家族と一緒にものを食べる「食卓での団らん」は、日本では理想の姿だとされてきた。では、1人での「孤食」は問題なのだろうか。宮城大学の石川伸一教授は「共食という行為だけをとらえて過剰に期待するのには、用心しなければならない」という――。

※本稿は、石川伸一『「食べること」の進化史』(光文社新書)の第4章「『未来の環境』はどうなるか ―食と環境の進化論―」の一部を再編集したものです。

※写真はイメージです(写真=iStock.com/byryo)

■近代まで日本の食卓では「会話禁止」だった

昔からある共同体の最小単位のひとつは「家族」ですが、その単語を聞くと、仲良く食事をする食卓の風景を連想する人も多いのではないでしょうか。家族そろって食卓を囲む姿は、テレビなどのメディアでもたびたび描かれてきたように、家族の一体感をあらわす縮図として扱われてきました。しかし、日本の歴史上で「食卓での家族団らん」の概念が生まれたのは、思いのほか最近のことです。

家族関係学が専門の表(おもて)真美氏は、日本の家族団らんの歴史的な変遷を調べています。その調査によれば、近代までの一般的な家庭の食事は、個人の膳を用いて家族全員がそろわずに行われ、家族がそろっても食事中の会話は禁止されていました。
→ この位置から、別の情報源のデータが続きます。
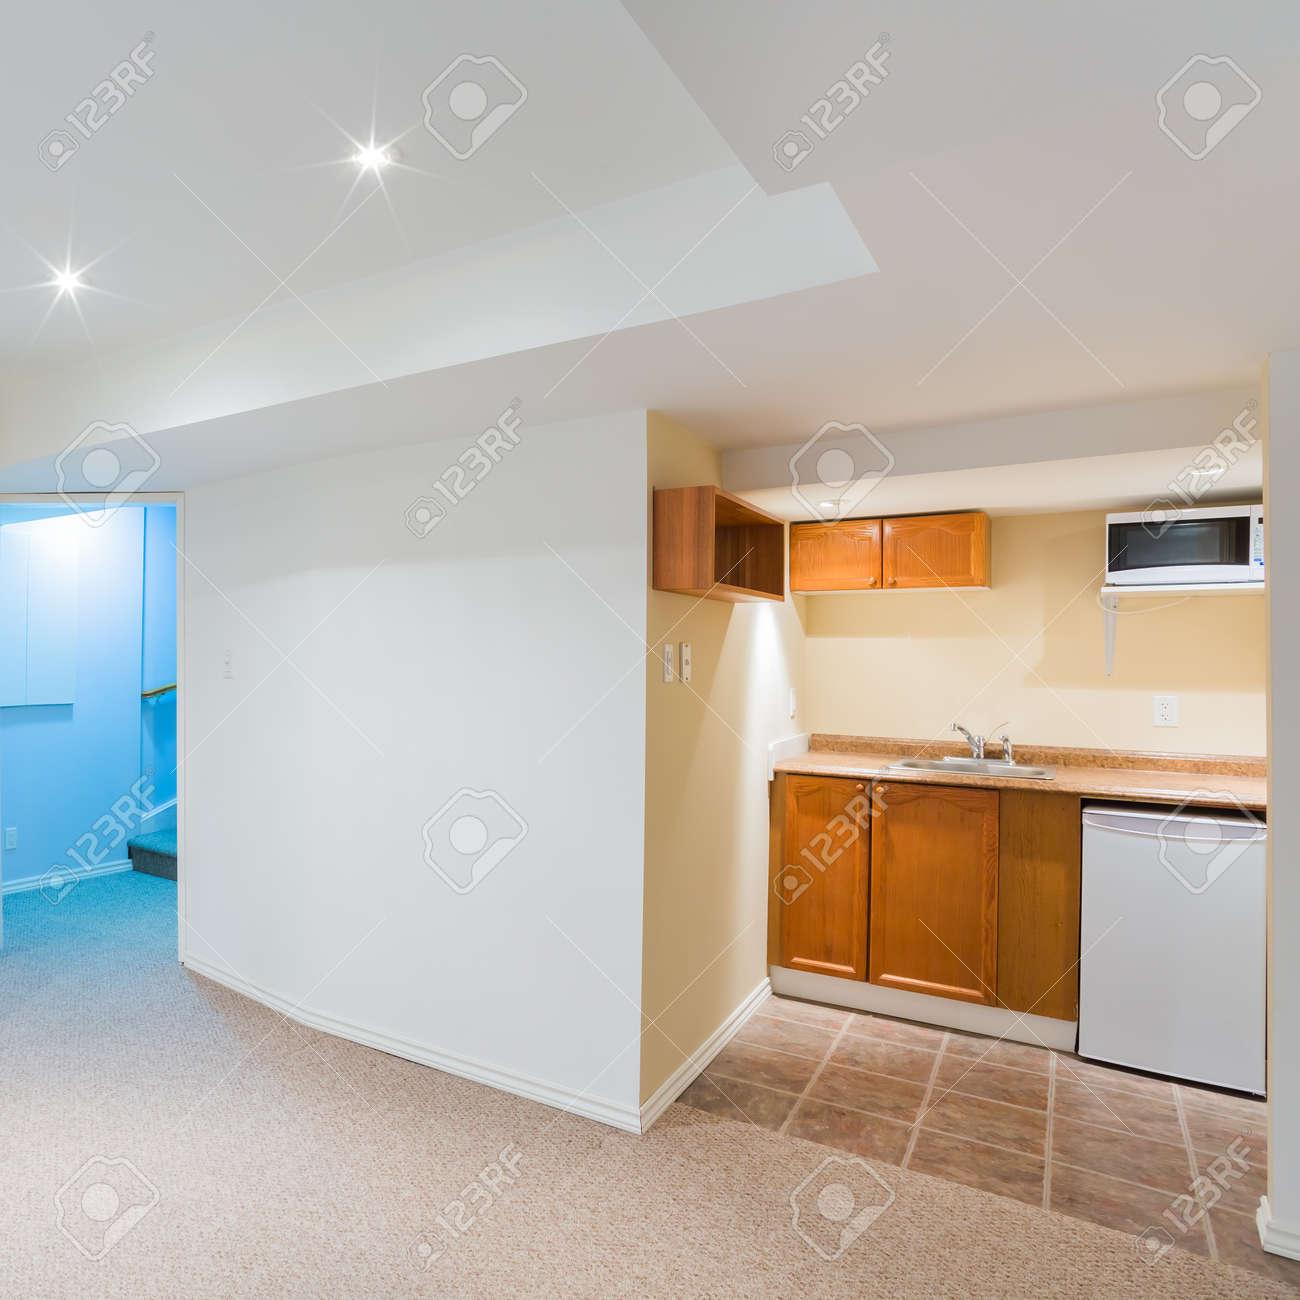 Keller Leer Wohnzimmer Mit Küche-Design Lizenzfreie Fotos, Bilder ...

では、食卓での家族団らんは、どのように始まり、どのように普及していったのでしょうか。

■「家族での食事」が一般的になったのは1970年代頃

かつて、団らんの移り変わりには、「欧米からの借りものとしての団らん」「啓蒙としての団らん」「国家の押しつけとしての団らん」があったことが知られています。

食卓での家族団らんの原型が誕生したのは、明治20年代でした。教育家・評論家の巌本善治(いわもと・よしはる)が、食卓での家族団らんを勧める記事を書き、キリスト教主義の雑誌にも同様の記述が複数登場しました。その後、国家主義的な儒教教育と結びついた記事により、家族そろって食事をするべきだという意見が広がっていきました。

その後、家族団らんが、一般的な家庭の食事風景になったのは1970年代頃でした。NHKの国民生活時間調査によると、この頃、家族で食事している家庭は約9割に達しています。共食が常識だったこの時代の家庭科の教科書には、家族一緒の食事を促す記述はほとんどみられません。

■なぜ多くの人が「家族団らん」をイメージするのか

その時期が過ぎ、1983年に出版された足立己幸(みゆき)氏の『なぜひとりで食べるの』という本の中で「孤食」という言葉が使われました。1980年代前半には、孤食が社会問題となり、1980年代後半には家庭科教科書に孤食へ対する注意喚起が記されました。2000年前後は、家族で一緒に食事すべきという考えが、強迫観念的なものとして捉えられる時期でした。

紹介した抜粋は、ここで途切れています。